A numerical study of aerosol effects on cloud microphysical processes of hailstorm clouds

Abstract

The Regional Atmospheric Modeling System (RAMS) was used to investigate the effects of varied cloud condensation nuclei (CCN) concentrations on microphysical processes of spring hailstorm clouds in a semiarid region of China. The comparison between the model analyses and the observations reveals that the simulation generally performed well in forecasting the precipitation, the pressure field, and the radar reflectivity. The simulation result shows that the variation of aerosol concentrations had significant effects on the cloud microphysical processes, as well as on hail precipitation at the surface. As CCN concentrations increased, mixing ratios of small liquid particles (i.e., cloud1) increased, while that of large liquid particles (i.e., cloud2 and rain) decreased; mixing ratios of small ice-phase particles (i.e., pristine ice and snow) decreased, while that of the large ice-phase hydrometeor particles (i.e., aggregates and graupel) increased. The number concentration, mixing ratio, and melting mixing ratio of hail tended to decrease, but the mean diameter of hail increased with greater CCN concentrations. The surface precipitation of hail in polluted clouds was greater than that in clean clouds and heavily polluted clouds.
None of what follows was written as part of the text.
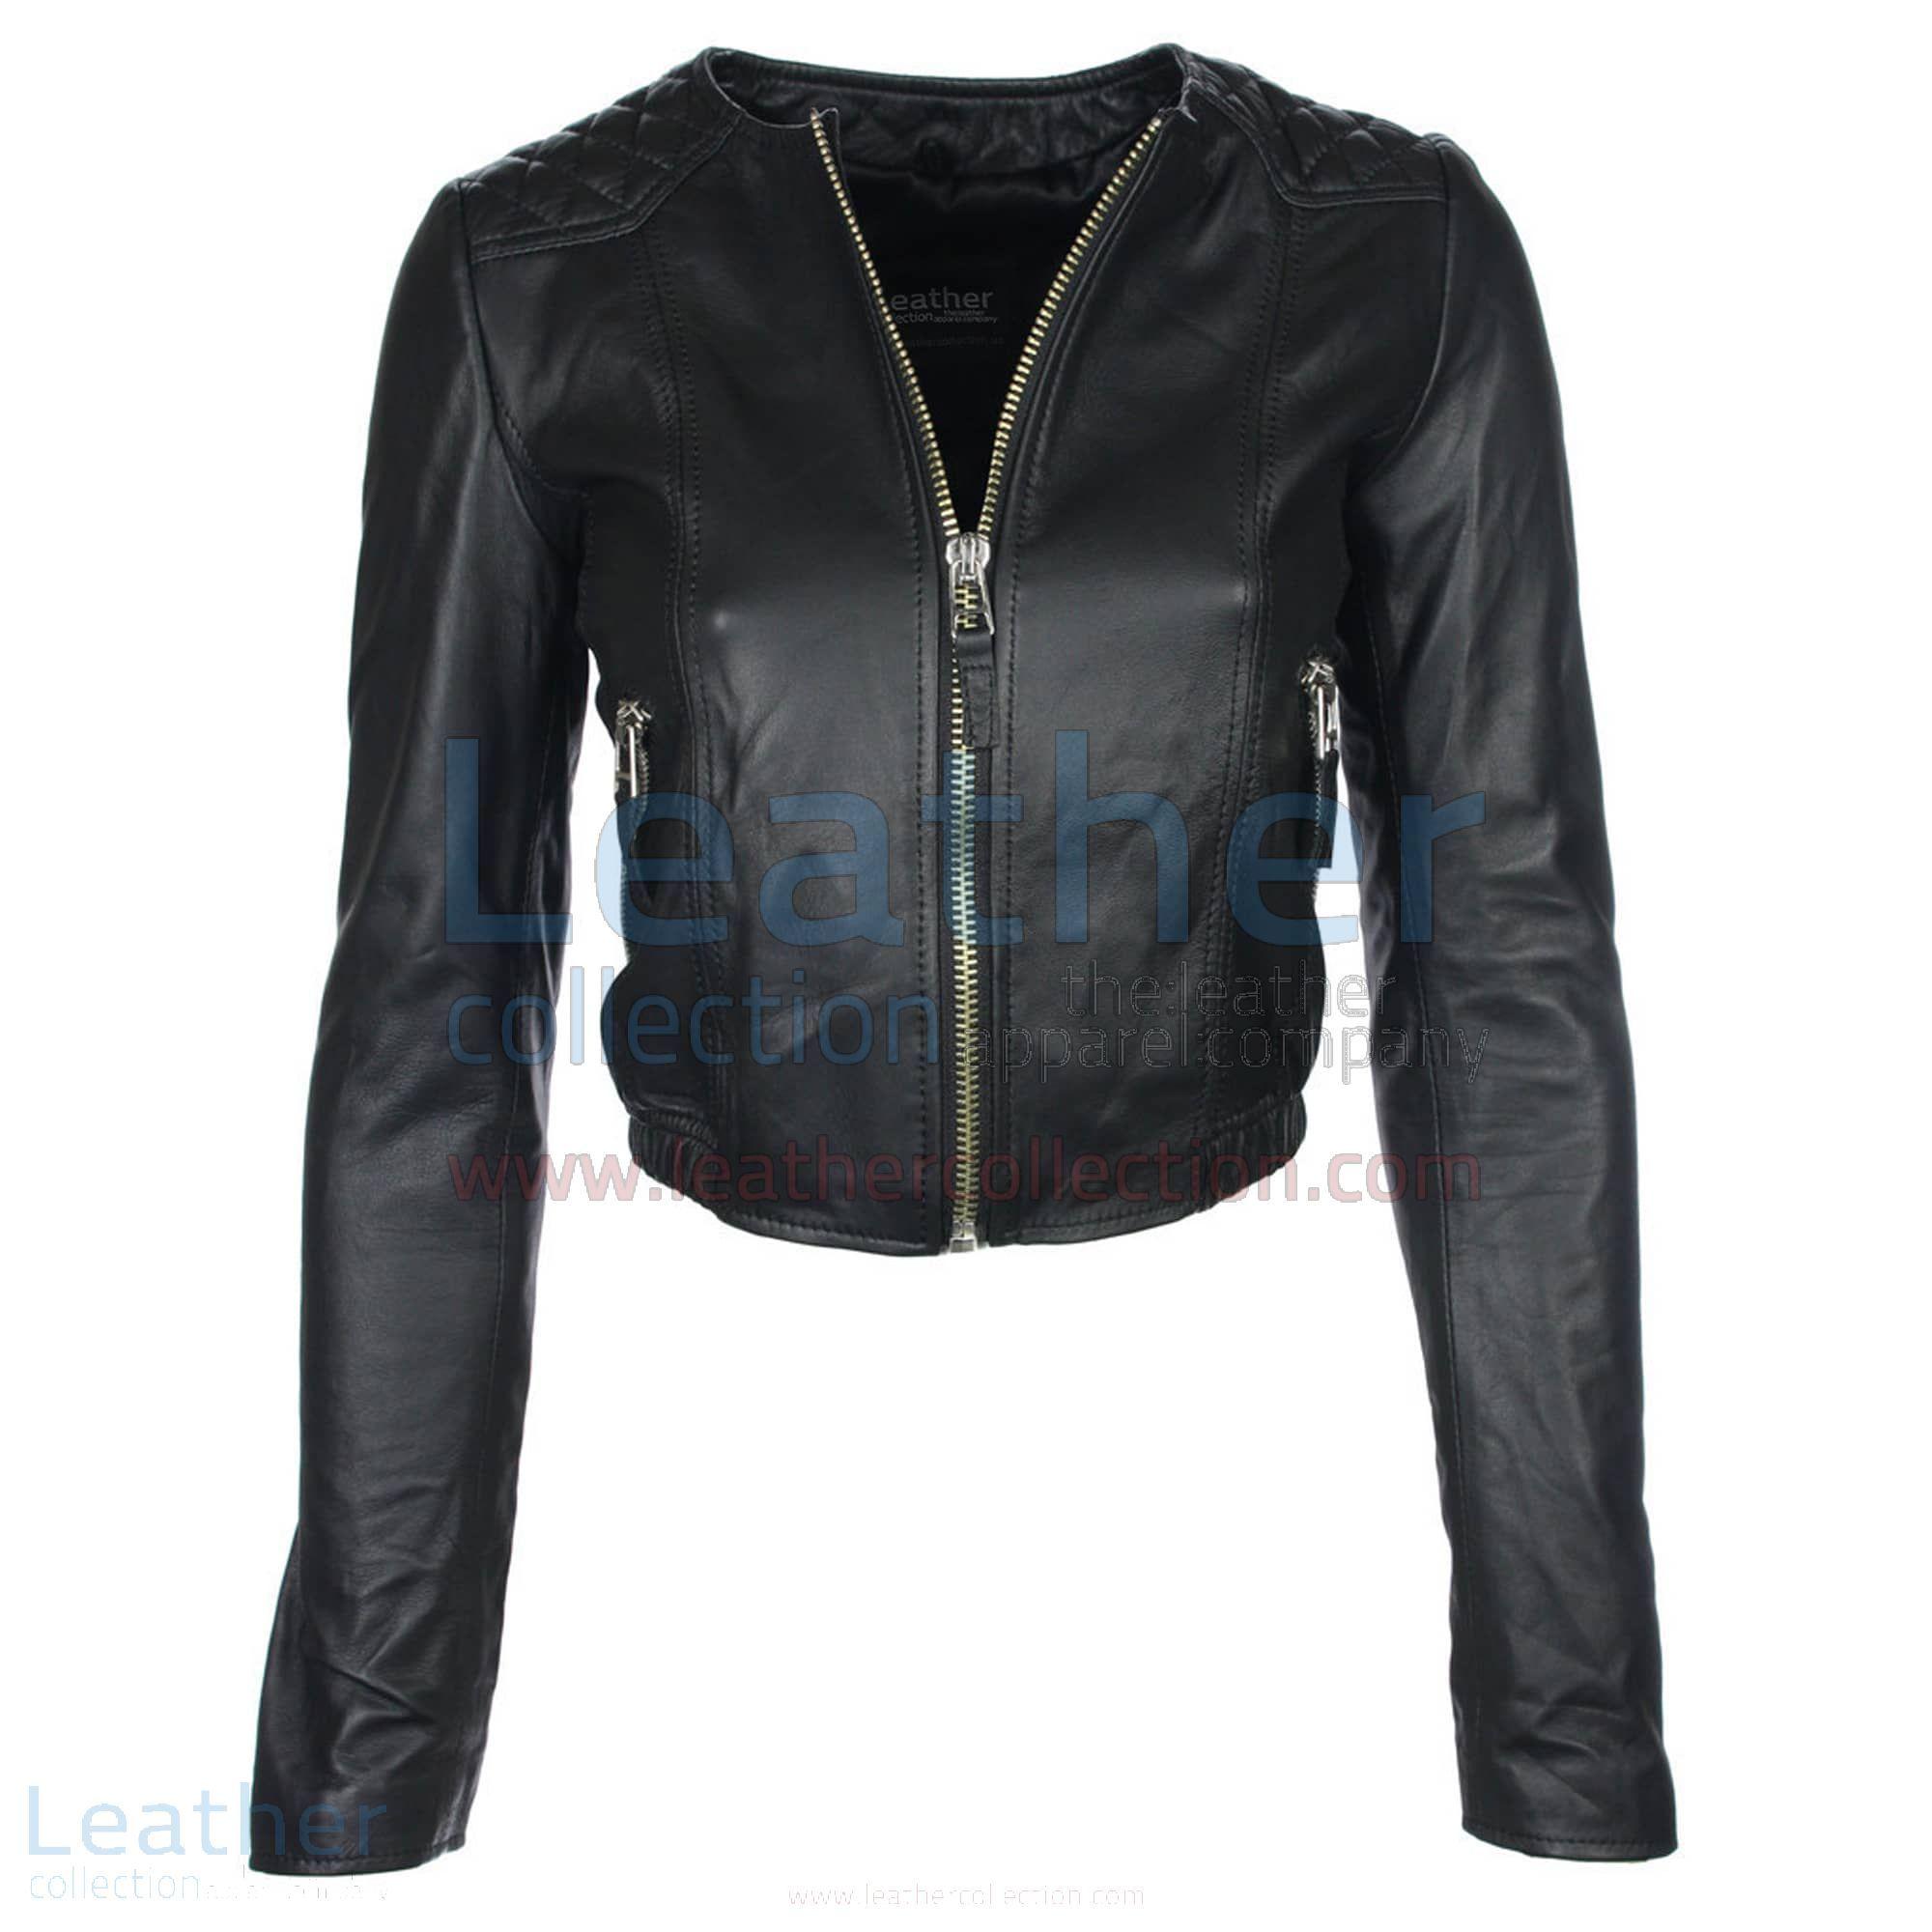 Collarless Leather Jacket Collarless Leather Jacket Womens Leather Biker Jacket Leather Jackets Women [ 2000 x 2000 Pixel ]

In this simulation, the relative contributions of hydrometeor particles to hail varied with different CCN backgrounds. Higher CCN concentrations resulted in the decrease in the contribution of cloud1 to hail formation, while aggregates made more of a contribution to hail generation. The addition of CCN concentrations led to the decrease of total surface accumulated precipitation. However, the contribution of ice-phase precipitation to the total precipitation increased with greater CCN concentrations.